Definitely, an event not to be missed!
Reality is something we make up as we go along, and this season laughter lights the way.
"Our modern American plays show characters unmoored from the habits of convention -- characters whose simple acts of daily life become deft improvisations," says Artistic Director Richard Henrich. "We follow their daring exploration, guided by humor and by heart. And at the end of the day, we realize now is always the right moment to reinvent the world."
Spooky Action opens its season with two preview performances of The Lady from the Village of Falling Flowers, a recently discovered and never before produced or published play by Tennessee Williams. We present this one-act before it travels to Provincetown for a world premiere at this year's Tennessee Williams Theater Festival (September 26-29).

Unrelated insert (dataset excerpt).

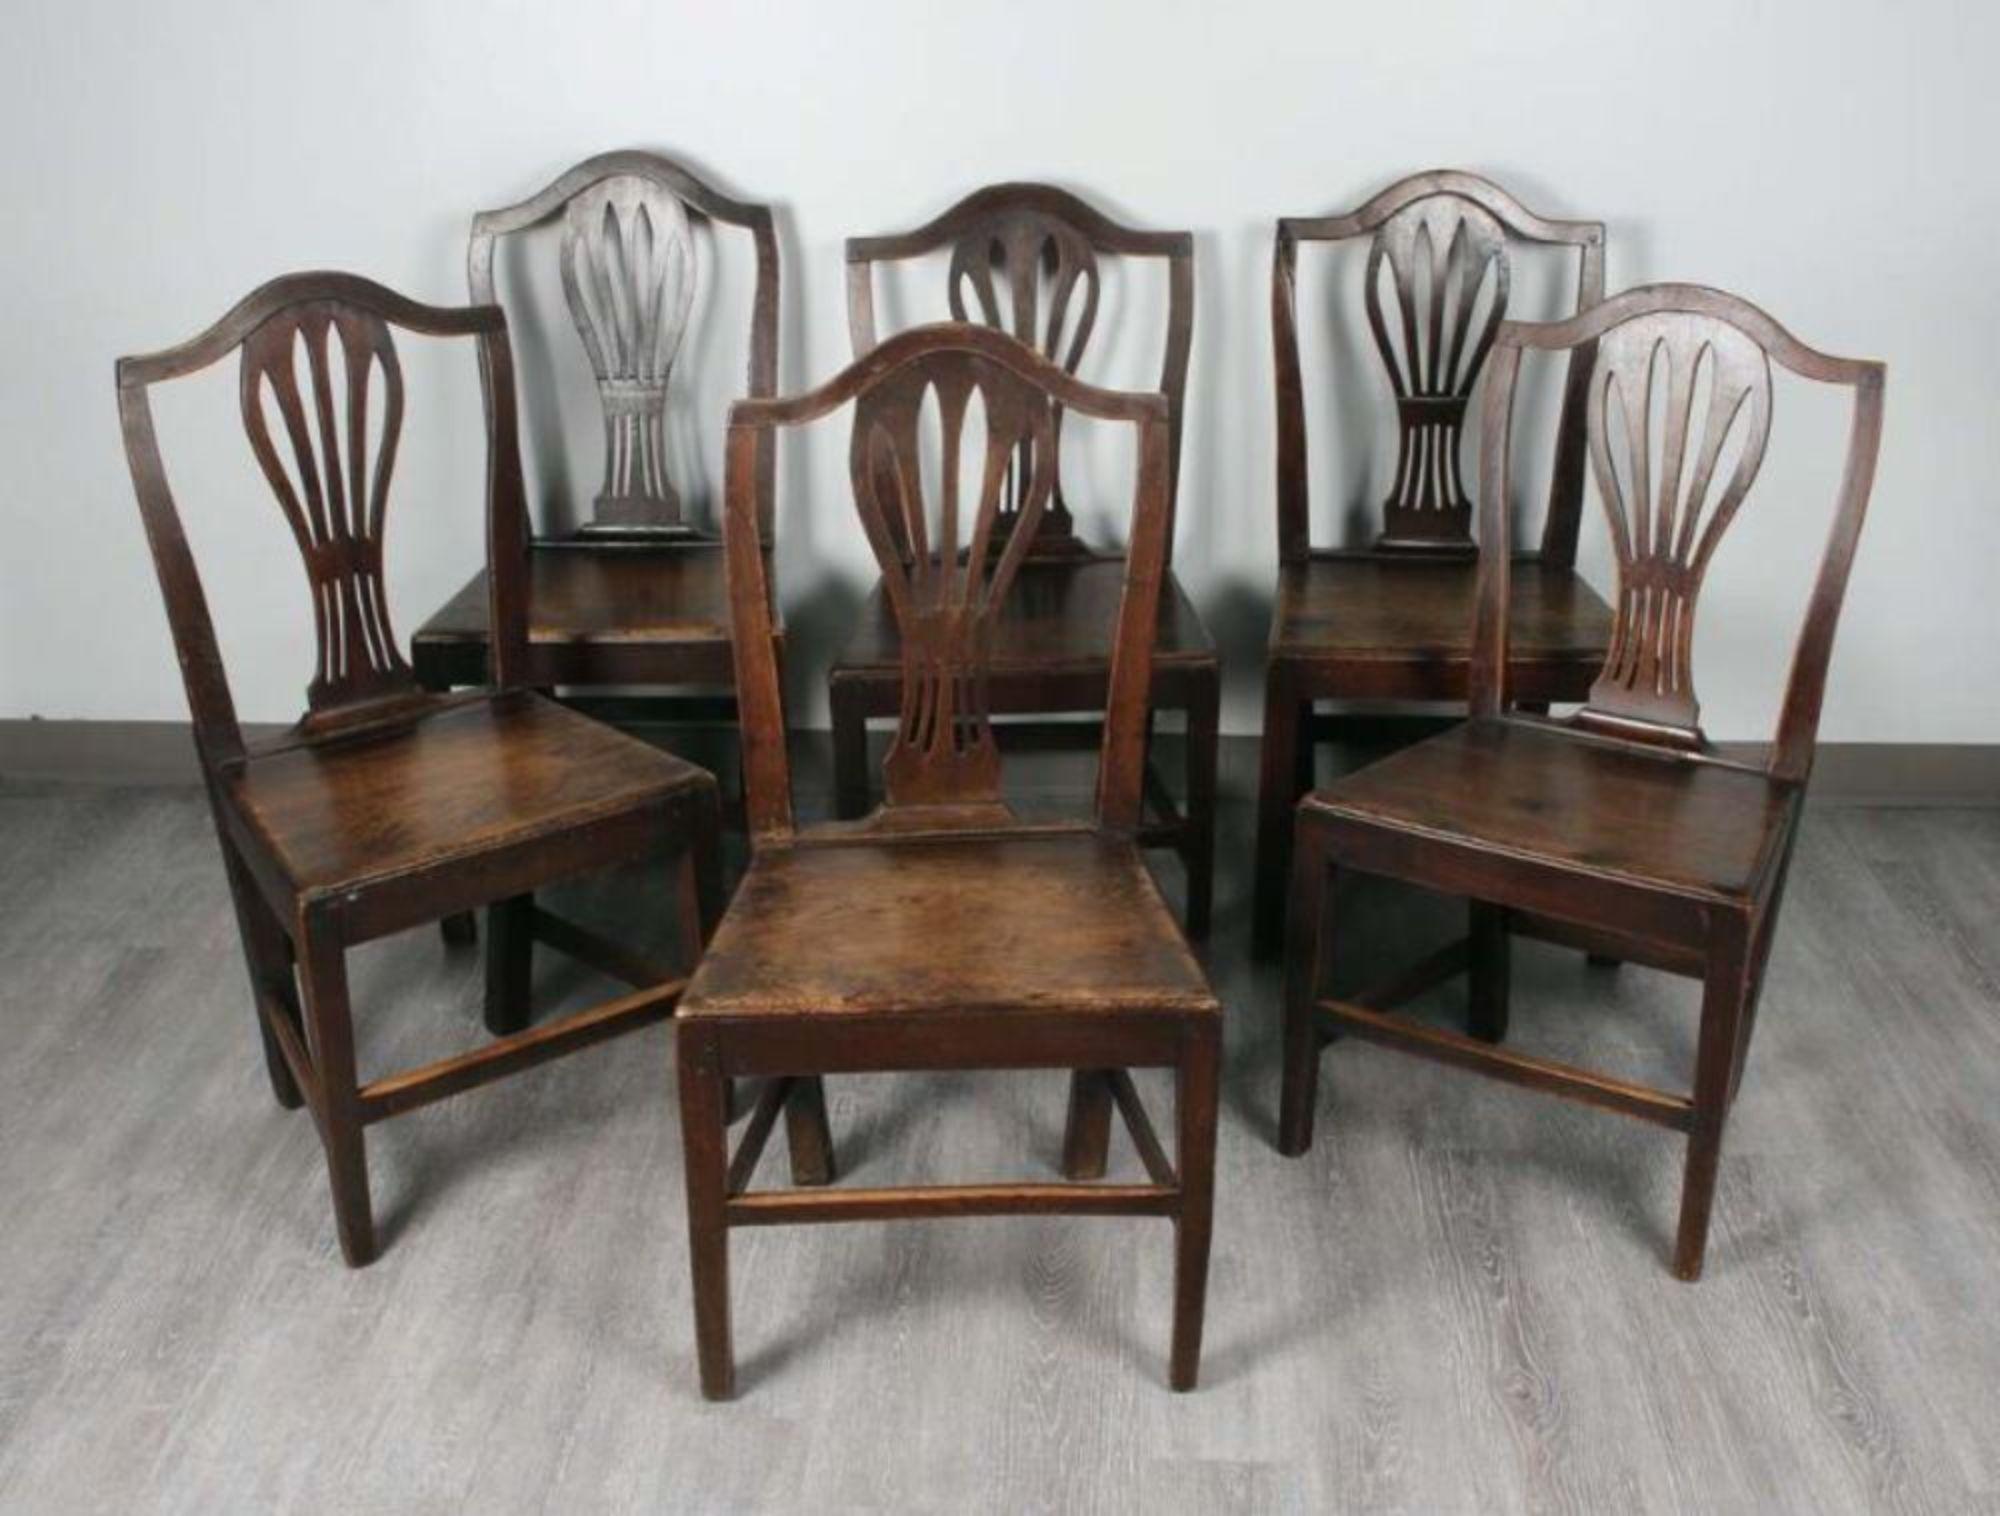 Good assembled set of English country oak Hepplewhite chairs having shield crests over pieced back splats over plank seats, over square tapered legs joined by box stretchers, all of the same design with slight variations in height, but all with good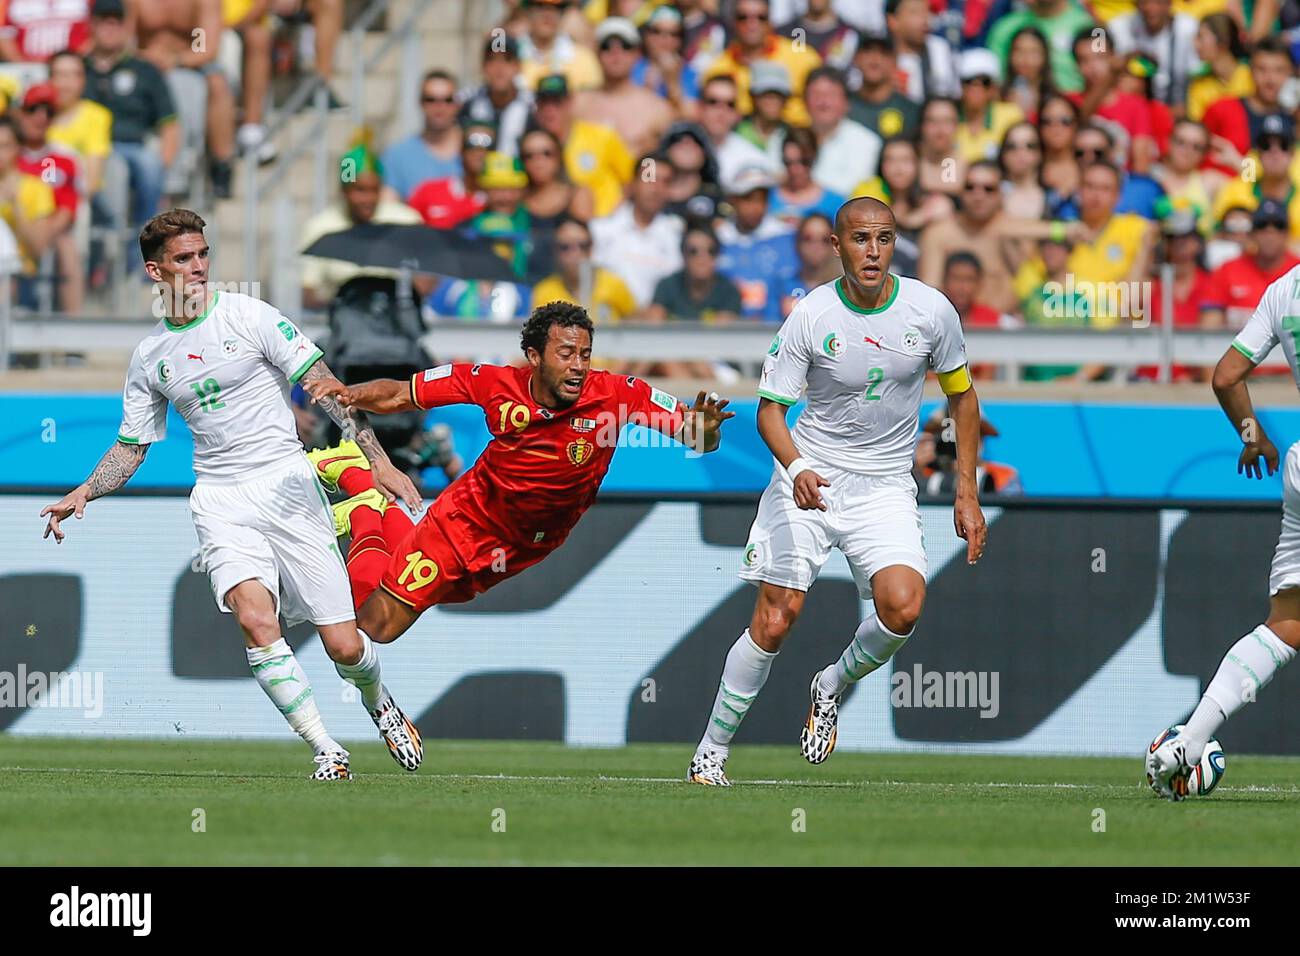 Algeria's Carl Medjani and Belgium's Moussa Dembele fight for the ball during a soccer game between Belgian national team The Red Devils and Algeria in Belo Horizonte, Brazil, the first game in Group H of the first round of the 2014 FIFA World Cup, Tuesday 17 June 2014. Stock Photo

Falling Flowers is directed by Natsu Onoda Power, winner of two Helen Hayes Awards for The Lathe of Heaven at Spooky Action last year. This innovative event mixes Japanese kami-shibai style street theater with storytelling performers. Subtitled “A Japanese fantasy,” The Lady from the Village of Falling Flowers has its head in the stars and both feet on the ground. It’s a punchy send-up of love, the perils of first impressions, and our earthly attempts to touch something eternal.
In November, we proudly host the DC premiere of Life and Death with Washington Improv Theater. The show stages a fully improvised funeral based on the final wishes of a member of the audience. Life and Death with Washington Improv Theater uses comedy and drama to explore the human experience of death and our desire to see how others will remember us after we shuffle off this mortal coil.
"Plays as funny and moving, as wonderful and weird as The Realistic Joneses, by Will Eno, do not appear often on Broadway. Or ever, really."
The New York Times
2020 begins with the Washington premiere of The Realistic Joneses, by critically acclaimed playwright Will Eno, directed by Gillian Drake, Spooky Action Theater’s New Works in Action Program Director. In this "humane, literate and slyly hilarious" play (New York Times), two couples find they share a lot more than their last names. Ever stumbling towards meaningful relationships, humor caps their encounter with an unsettling truth that lies just below the surface
"I have wanted for a long time to write a play about mortality and how we grapple with that. What I hope is that through these four characters, who have very different responses to the big, big things in life, people will find something recognizable as they go through their days," says Will Eno.
"Maple and Vine is piquantly funny, cleverly executed and darkly playful."
The New York Times
Spooky Action's 2019-2020 season concludes in the Spring with Maple and Vine by Jordan Harrison, directed by Stevie Zimmerman. Big City dwellers Katha and Ryu have become disenchanted with their 21st-century lives. The harder they try to figure out what happiness looks like, the more elusive it becomes. Then they meet Dean, from a idealistic community that exists in a permanent state of 1955. They forsake cell phones and sushi for cigarettes and Chicken a la King, taking on new identities that challenge who they thought they were and who they might become. How far will they go -- how far would you go to alter your life in the pursuit of happiness? Speaking about his fictional Society for Dynamic Obsolescence, Harrison says, “The notion that less freedom could make you happy is a morally problematic idea... I’m hoping that the audience thinks, ‘I would never do something like that... Or would I?"